The phrase “holy spirit” only occurs in the Hebrew Scriptures three times: Psalm 51:11 (“take not your holy spirit from me” ), and Isaiah 53:10 and 11. The word “spirit” (
ruach), referring to God’s spirit, first appears in Genesis 6:3—Then YHVH said, "My spirit shall not abide in mortals forever, for they are flesh; their days shall be one hundred twenty years." Interestingly,
ruach can mean spirit, wind, breath or even mind; with a different vowel-insertion, you get
reah, which means scent, fragrance or aroma, and
ruach itself may derive originally from this root, according to my morphology.

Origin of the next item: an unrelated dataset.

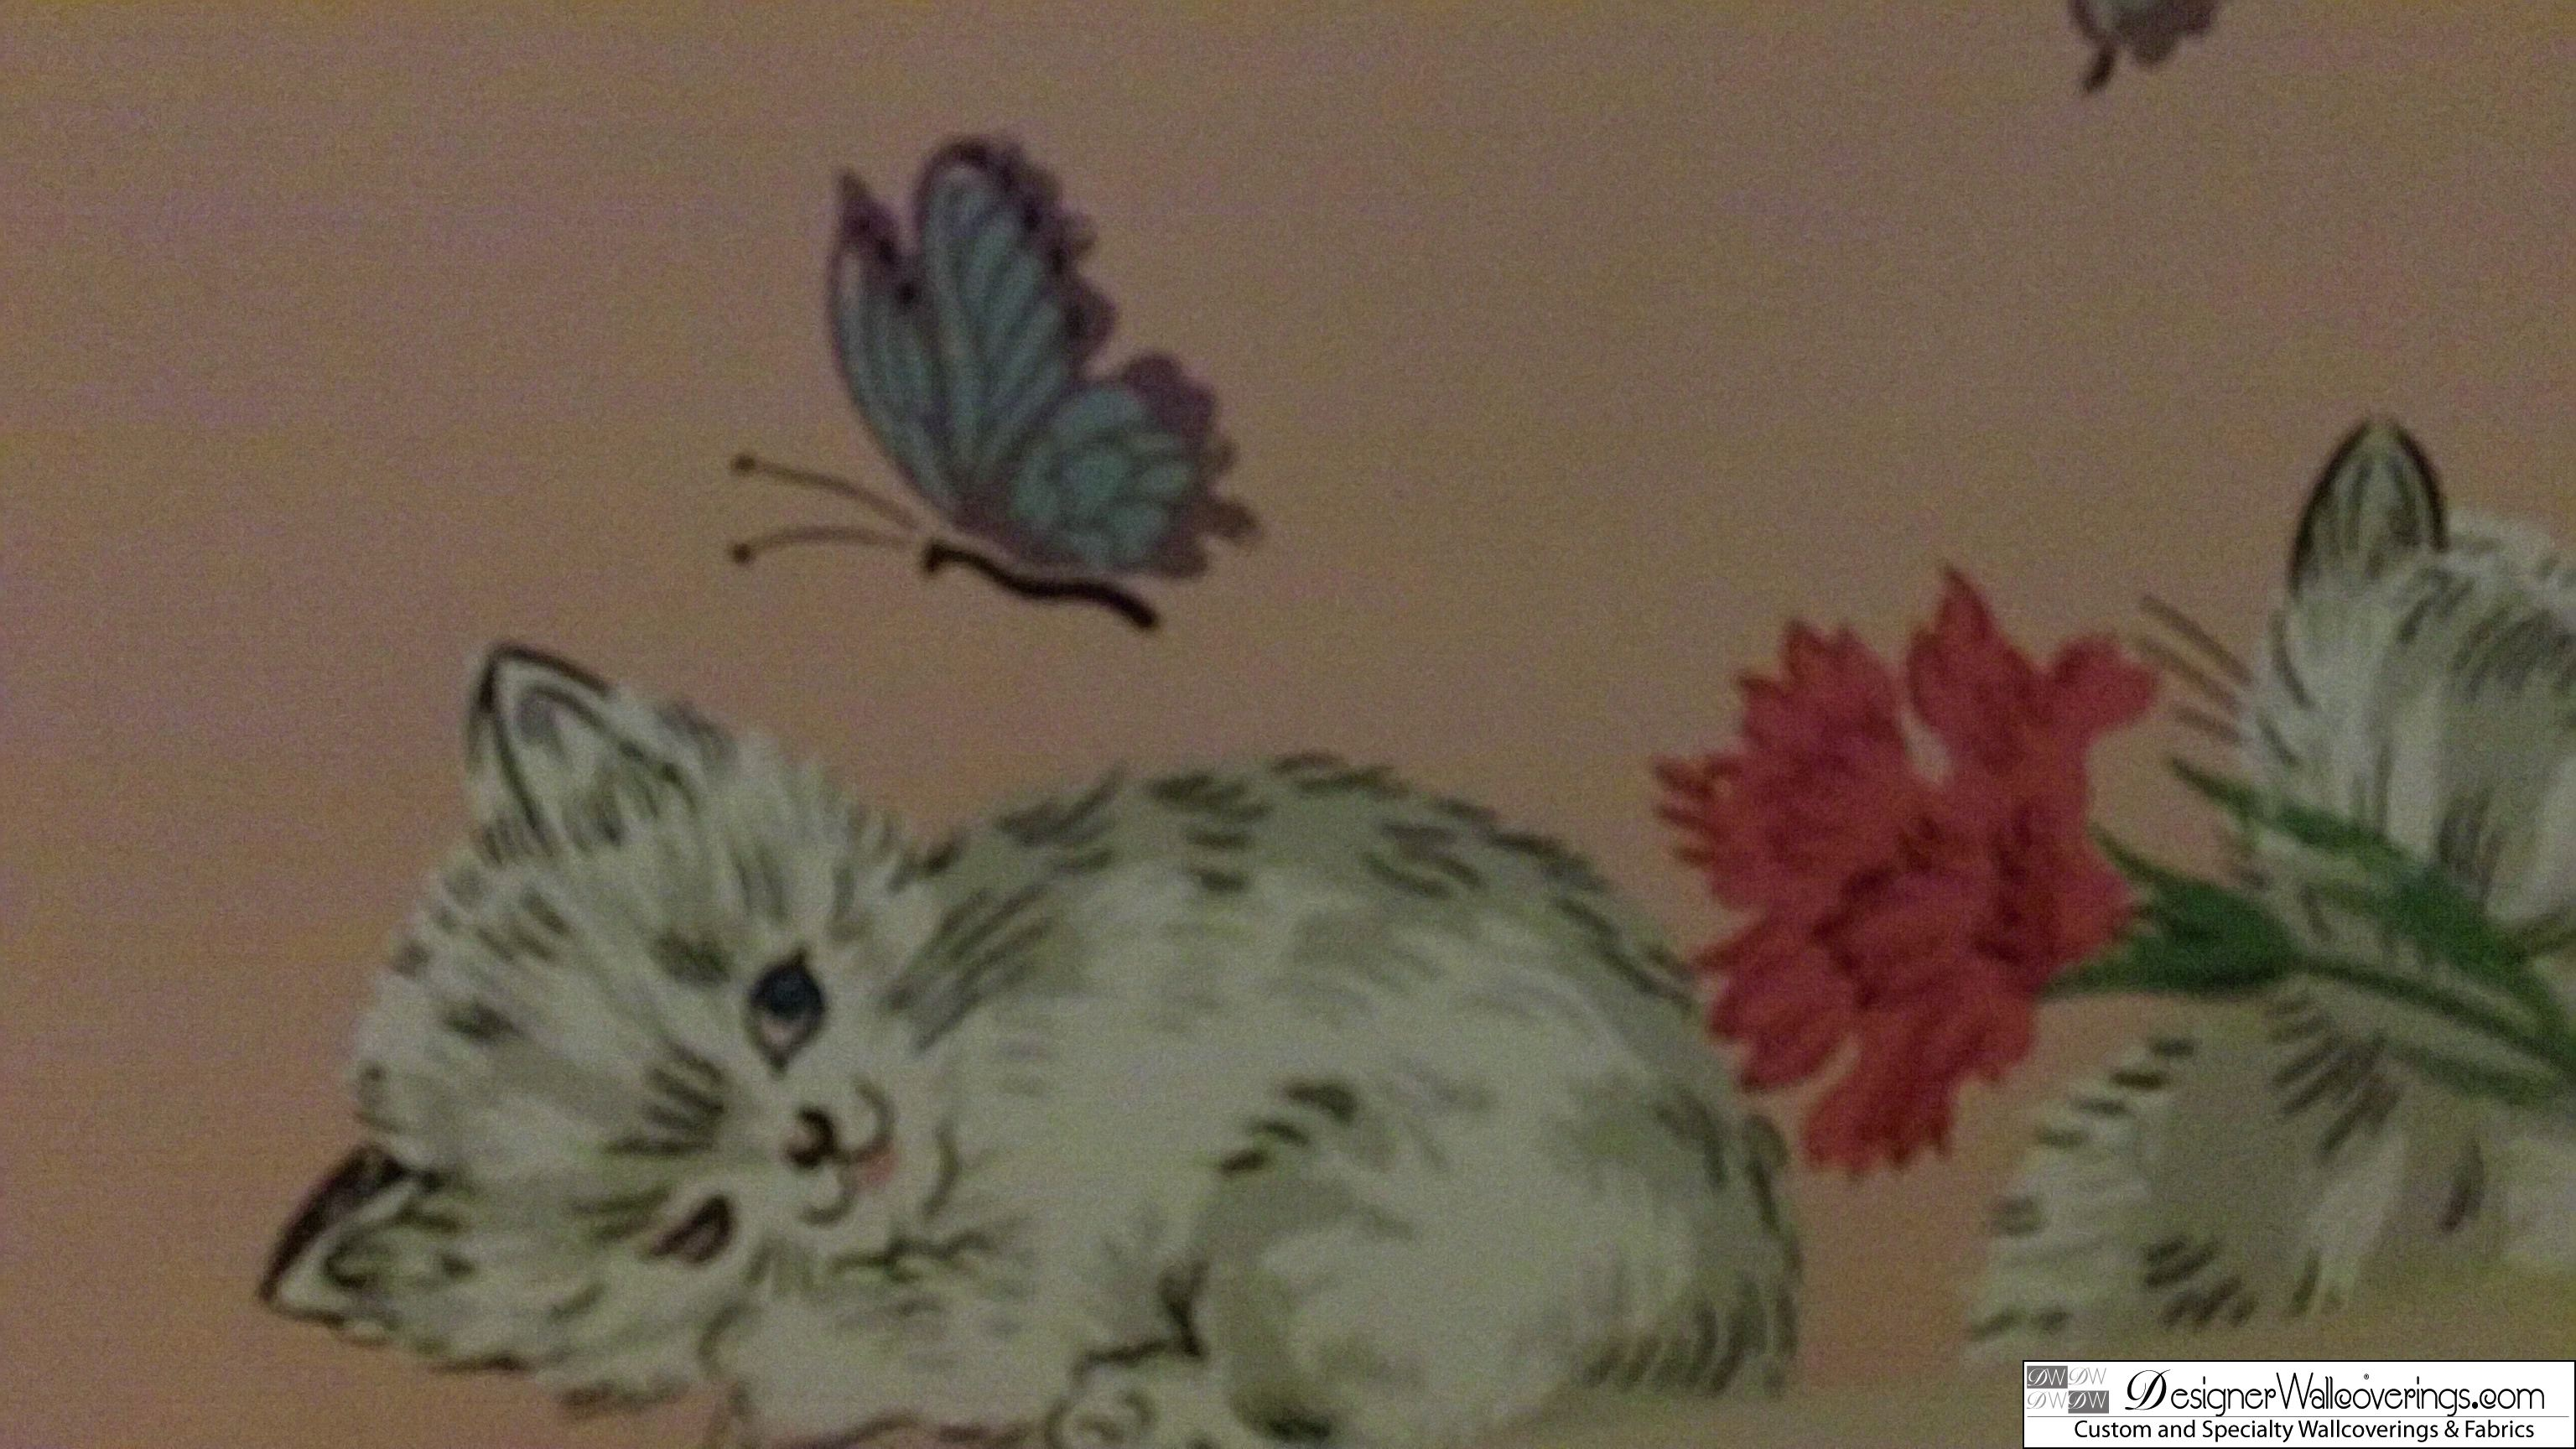 Vintage Kittens and Butterflies [DIG 15008] Designer Wallcoverings 3072x1728

In any event, the implication is that God’s spirit is, to put it somewhat poetically, the very spirit and fragrance of aliveness within us, without which we die. As such, I might argue that it
is a tangible exhibition of God—a theophany within incarnation, so to speak (again, from either a Trinitarian or a monistic understanding of God—or some combination?).
Again, I’m really just thinking “out loud” here, and I want to let it all percolate in my mind some more... Comments and arguments are welcome as I do that.